Does the idea of eating genetically modified stuff gross anyone else out?






It was all over my news feed yesterday. Okay, so two people posted about it, but one of them linked to this article/petition, and while I usually ignore things that seem designed to scare me I found myself thinking about it long after I shut my computer down. I mean, it wasn’t that long ago that we were all (and some of us still are) spending entire paychecks on organic foods. After a little research and enlightenment from Penn and Teller’s television show Bullshit, I learned that organic food isn’t necessarily better. They just don’t use synthetic chemical pesticides. On the surface that sounds better, right? But some of the “organic” pesticides are actually more harmful to us than their synthetic counterparts. Nightshade and arsenic are two of the pesticides that are used in “organic” farming, which are known to be poisonous to humans. Last year they took Hyland’s teething tablets off the market because they contained microscopic traces of another human poison, Belladonna. Despite the fact that you would have to give your kid the equivalent of two pounds of teething tablets in order for them to have any kind of reaction, the shelves were cleared of this homeopathic remedy. Anyone see the irony here?
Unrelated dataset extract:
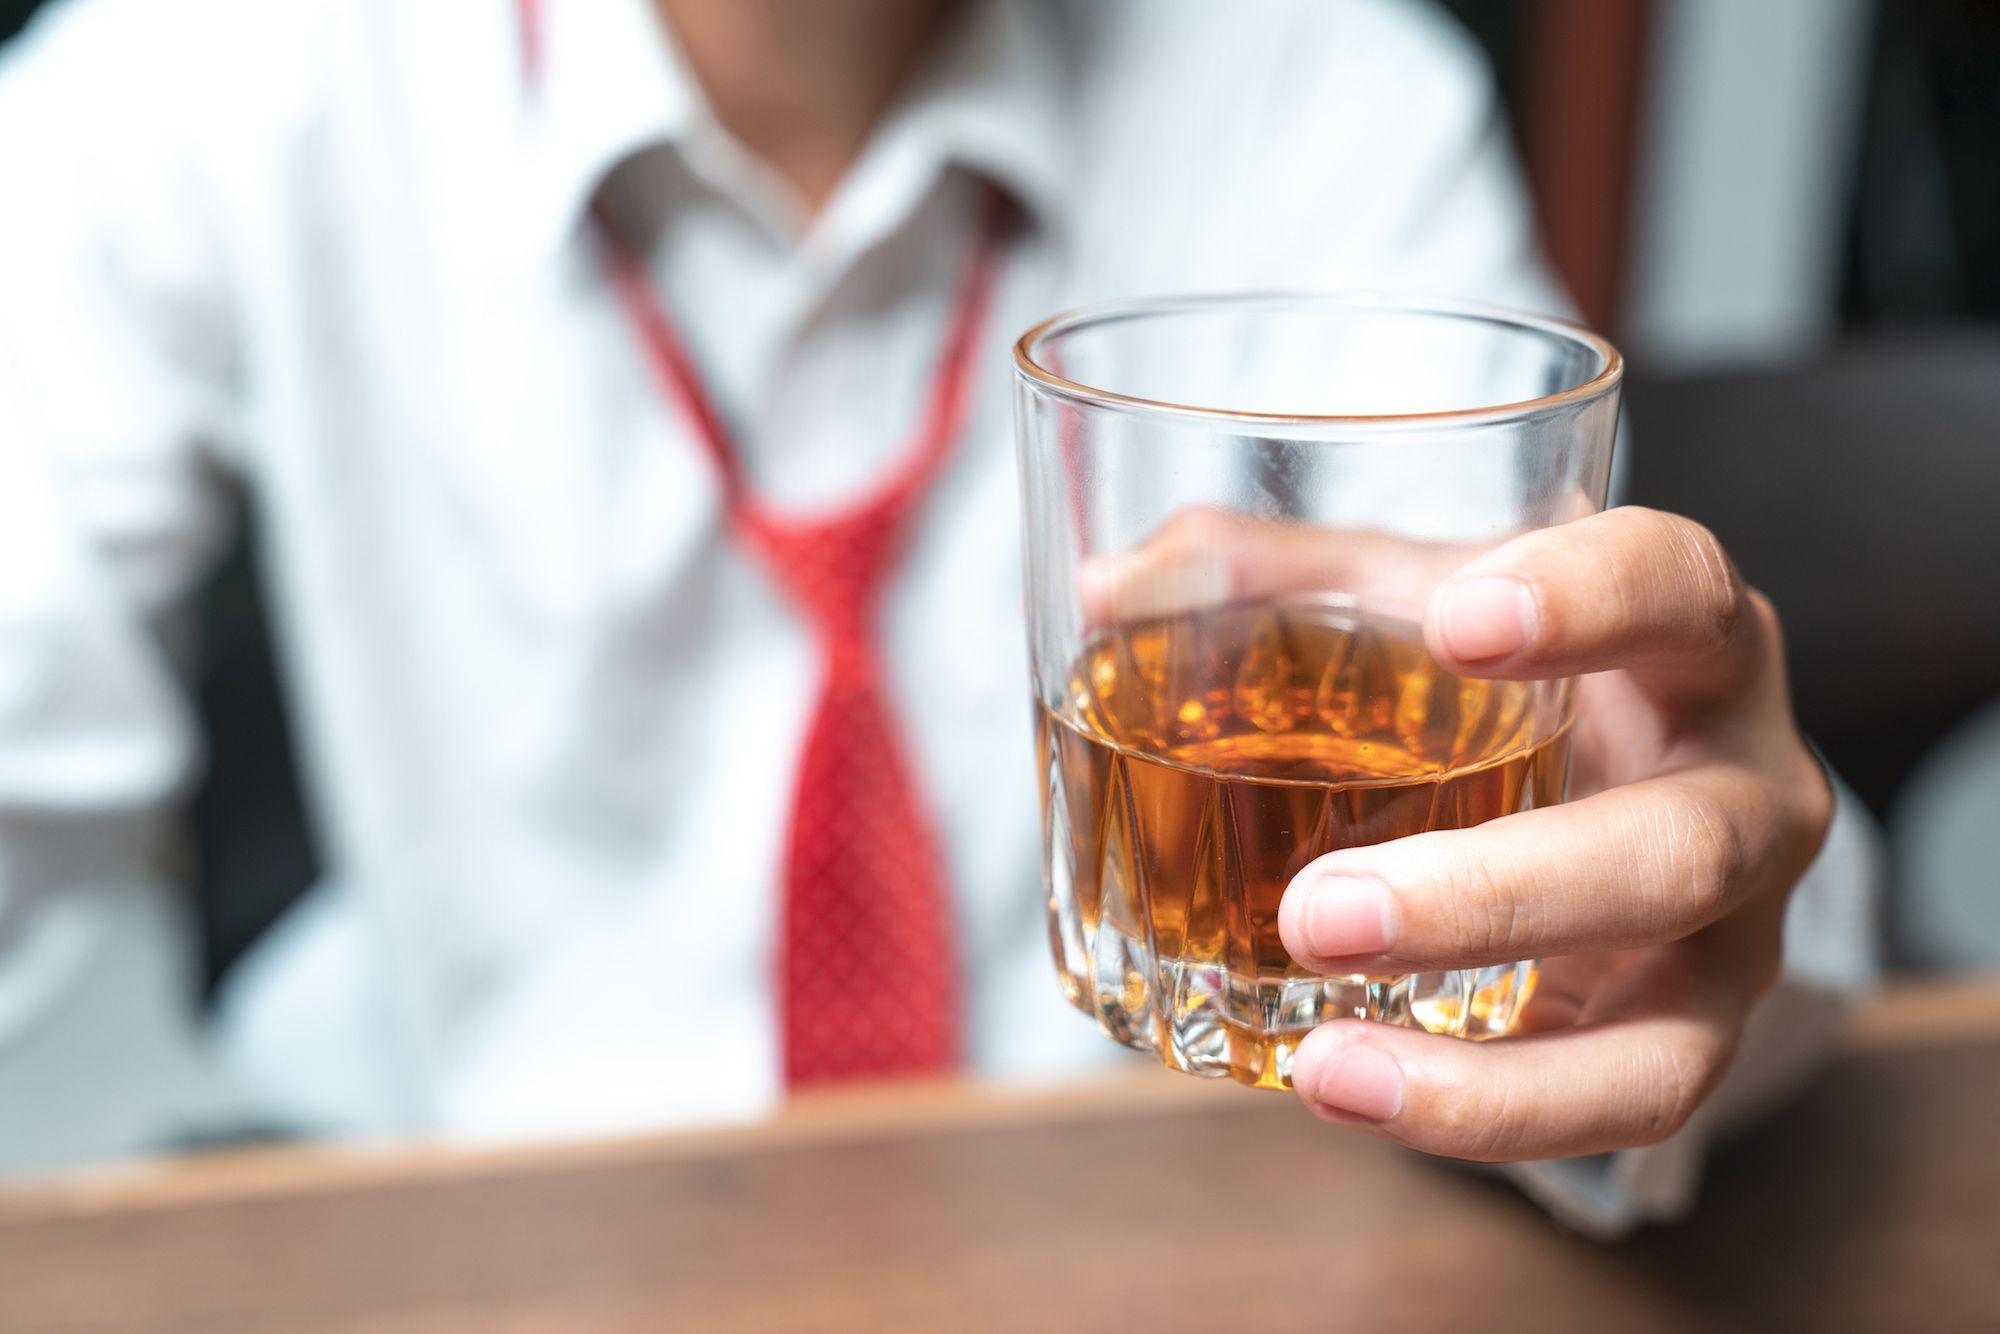 Питье для снятия стресса может усугубить проблему

Anyway, so I found myself wondering about genetically modified foods. What are they genetically modified to do exactly? Will eating this corn make me eligible for a spot at Xavier’s School for the Gifted? If so, then I have some real hard thinking to do. Thank goodness the internet is the realization of my elementary school fantasy–the homework machine. It wasn’t hard to find information telling me that genetically modified foods aren’t designed to help ME in anyway, although there haven’t been any real long term studies to tell me that I won’t get the telepathic powers of Jean Grey, there also aren’t any studies to tell me whether or not it will contribute to my daughter getting her period at 4. In fact one of the only studies they did was on rats. Those rats, when fed some corn genetically modified with this stuff called lectin, experienced organ failure.

But those are rats. I’m not a rat. Besides, what if this food was genetically modified to make me feel fuller when I ate it, or delivered more nutrients and vitamins per kernel? Maybe the rats can’t handle all those nutrients and that’s why they go into overload. But no, the corn (along with soy products, tomatoes, squash and other vegetables) are genetically modified to be more resistant to bugs, viruses, and other threats to crops. That does spook me a little bit. Especially because the FDA, you know that government agency that’s supposed to make sure our food is safe, doesn’t have any real rules to regulate the safety of genetically modified foods. In fact, all a GMO food distributor has to do is provide the FDA with an assertion that the methods used to modify this food is safe. No tests. No follow ups. Just a bunch of dead rats.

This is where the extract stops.